# Import libraries

In [1]:
import pandas as pd
import numpy as np
import warnings
warnings.filterwarnings('ignore')

# Accessing Activity-Zone Mapping Information

In [2]:
activities = pd.read_excel('Aras-Information.xlsx', sheet_name='Activity-Info')

activity_zone_map = dict()
for i in range(len(activities)):
    activity_zone_map[int(activities["Activity ID"][i])] = int(activities["Zone ID"][i])

# Constants

In [3]:
NUM_DAYS = 30
NUM_ACTIVITIES = len(activities)

# Dataset Processing Function (BIoTA)

In [4]:
def dataset_processing_biota(house, filename_processed_dataset):
    processed_dataset = pd.DataFrame()

    for day in range(1, NUM_DAYS + 1):
        records = []

        # Imprtaing Datasets
        raw_filename = 'raw/house-' + house +'/DAY-' + str(day) + '.txt'
        raw_dataframe =  pd.read_csv(str(raw_filename), header=None, sep = ' ').iloc[:, -2:]    

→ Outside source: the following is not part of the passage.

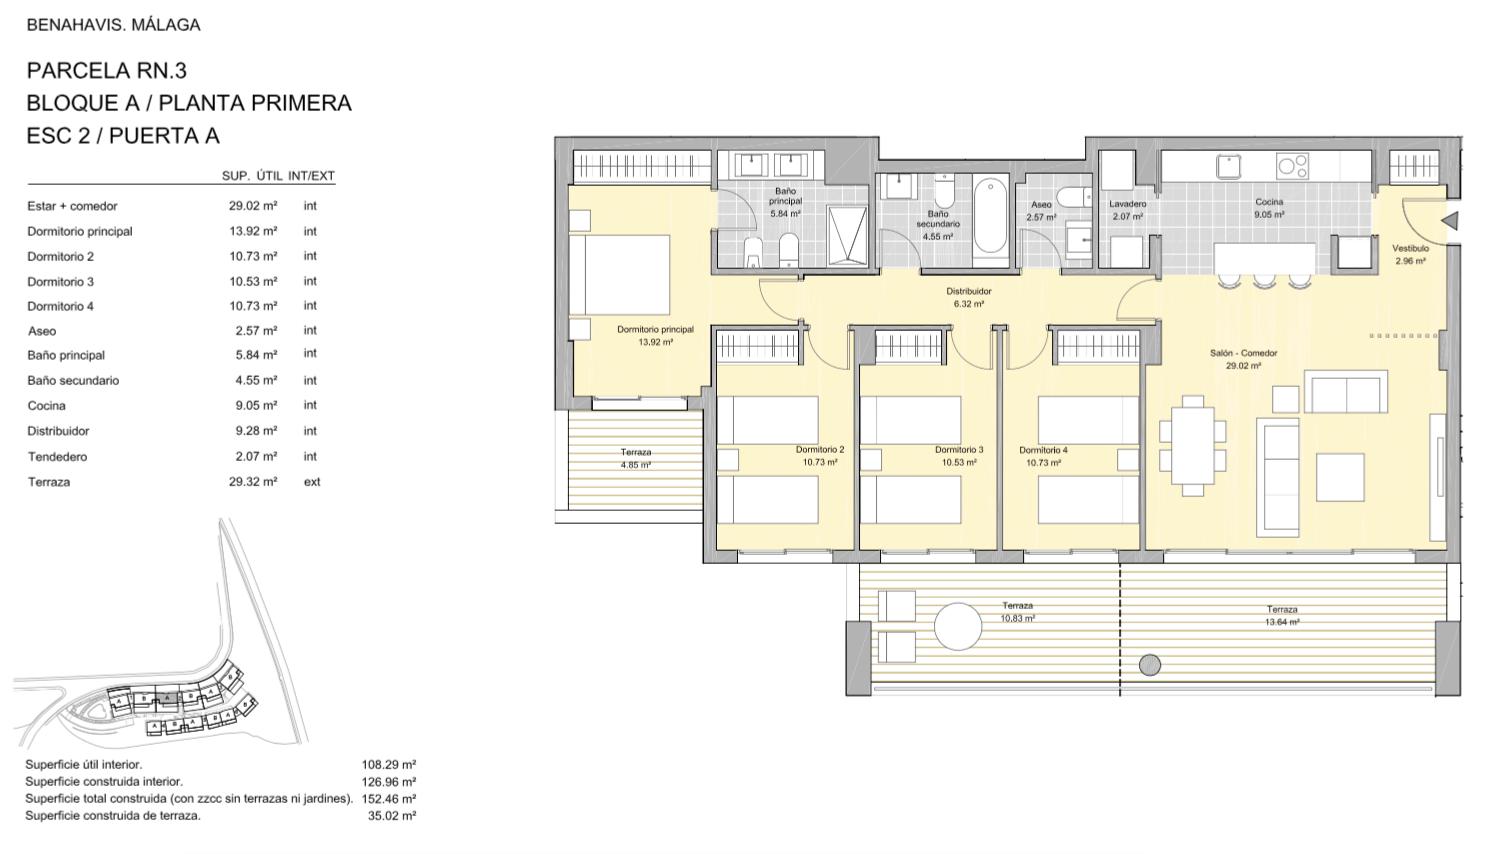 alborada homes benahavis golf la quinta moderne appartementen penthouses te koop grondplan RN3 21A verdieping 4bed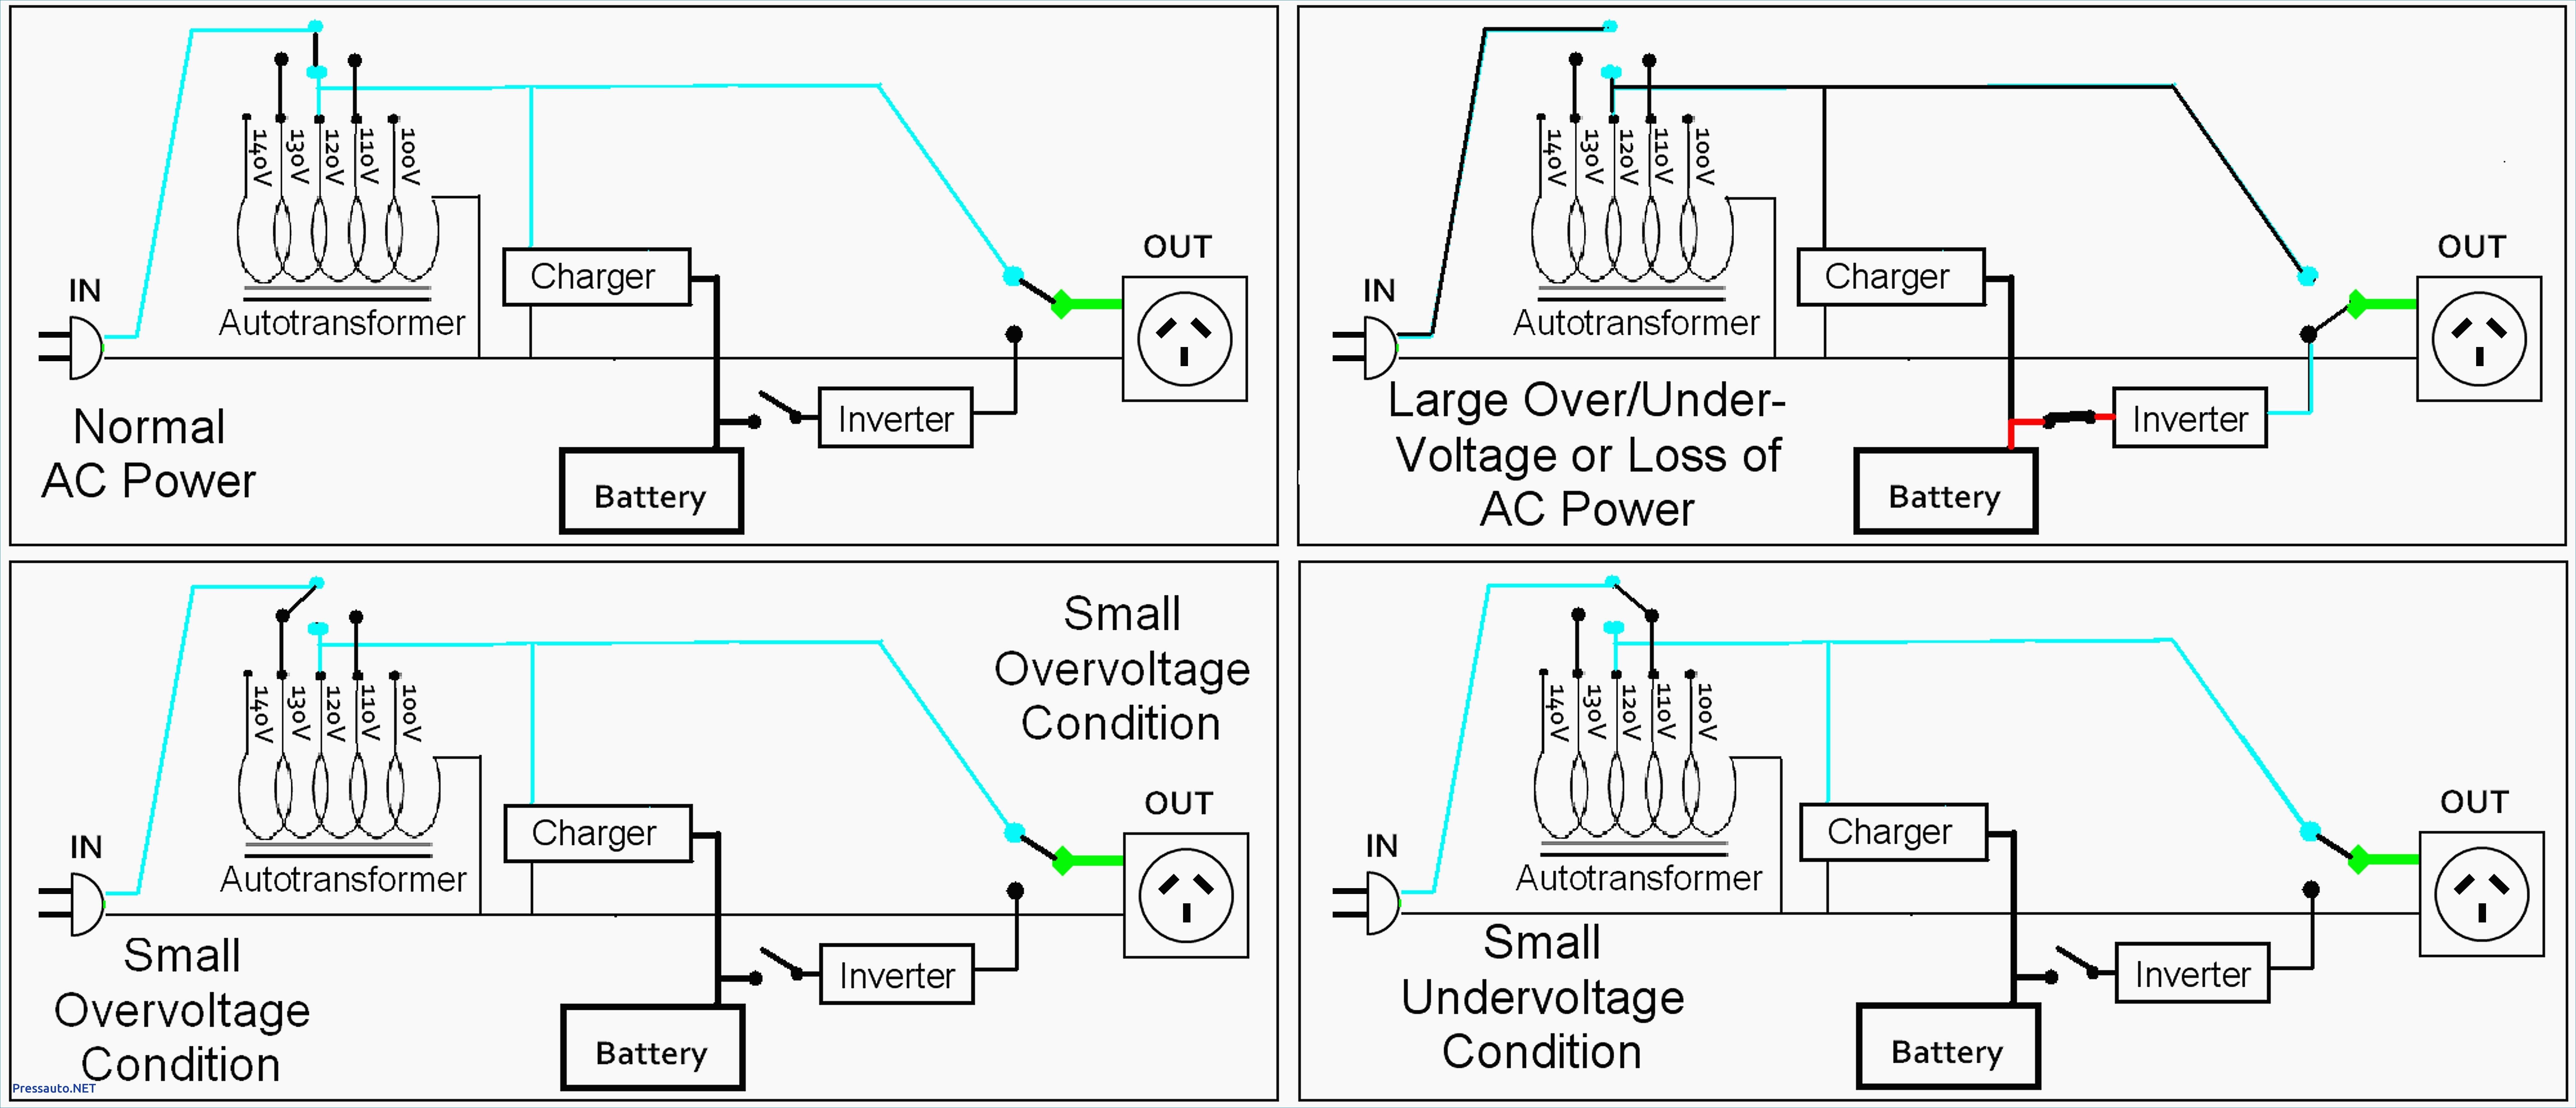 hevi duty transformer wiring diagram Collection-Ac Transformer Wiring Diagram New Hevi Duty Transformer Wiring Diagram Collection 2-c

        # Establishing Column Names to Make it Easier to Work with
        raw_dataframe.columns = ['Occ-1','Occ-2']

        occ_1_activities = raw_dataframe['Occ-1'].to_list()
        occ_2_activities = raw_dataframe['Occ-2'].to_list()

        for i in range(0, len(occ_1_activities), 60):
            zone_occupant = [0, 0, 0, 0, 0]
            occ_1_activity_id = occ_1_activities[i]
            occ_2_activity_id = occ_2_activities[i]
            occ_1_zone_id = activity_zone_map[occ_1_activity_id]
            occ_2_zone_id = activity_zone_map[occ_2_activity_id]
            zone_occupant[occ_1_zone_id] += 1
            zone_occupant[occ_2_zone_id] += 1

            records.append([day, int(i/60), zone_occupant[0], zone_occupant[1], zone_occupant[2], zone_occupant[3], zone_occupant[4]])

        processed_dataset = processed_dataset.append(pd.DataFrame(columns = ['Day', 'Minute', 'Outdoor (Zone - 0) Occupant', 'Bedroom (Zone - 1) Occupant', 'Livingroom (Zone - 2) Occupant', 'Kitchen (Zone - 3) Occupant', 'Bathroom (Zone - 4) Occupant'], data = records))
    processed_dataset = processed_dataset.reset_index(drop = True)

    processed_dataset.to_csv(filename_processed_dataset, index = False)

# Saving Processed Datasets

In [5]:
dataset_processing_biota('A', 'processed/Processed-Dataframe_House-A_BIoTA.csv')
dataset_processing_biota('B', 'processed/Processed-Dataframe_House-B_BIoTA.csv')

# Dataset Processing Function (SHATTER)

In [6]:
def dataset_processing_shatter(house, filename_processed_dataset):
    dataset = pd.DataFrame(columns = ['Day', 'Minute', 'Occupant-1 Activity', 'Occupant-2 Activity'])

    for day in range(1, NUM_DAYS + 1):
        records = []
        
        # Imprtaing Datasets
        raw_filename = 'raw/house-' + house +'/DAY-' + str(day) + '.txt'
        raw_dataframe =  pd.read_csv(str(raw_filename), header=None, sep = ' ').iloc[:, -2:]  

        # Establishing Column Names to Make it Easier to Work with
        raw_dataframe.columns = ['Occ-1','Occ-2']

        occ_1_activities = raw_dataframe['Occ-1'].to_list()
        occ_2_activities = raw_dataframe['Occ-2'].to_list()

        for i in range(0, len(occ_1_activities), 60):
            occ_1_activity_id = occ_1_activities[i]
            occ_2_activity_id = occ_2_activities[i]

            records.append([day, int(i/60), occ_1_activity_id, occ_2_activity_id])

        dataset = dataset.append(pd.DataFrame(records, columns=dataset.columns), ignore_index=True)
    dataset = dataset.reset_index(drop = True)

    dataset.to_csv(filename_processed_dataset, index = False)

# Saving Processed Datasets

In [7]:
dataset_processing_shatter('A', 'processed/Processed-Dataframe_House-A_SHATTER.csv')
dataset_processing_shatter('B', 'processed/Processed-Dataframe_House-B_SHATTER.csv')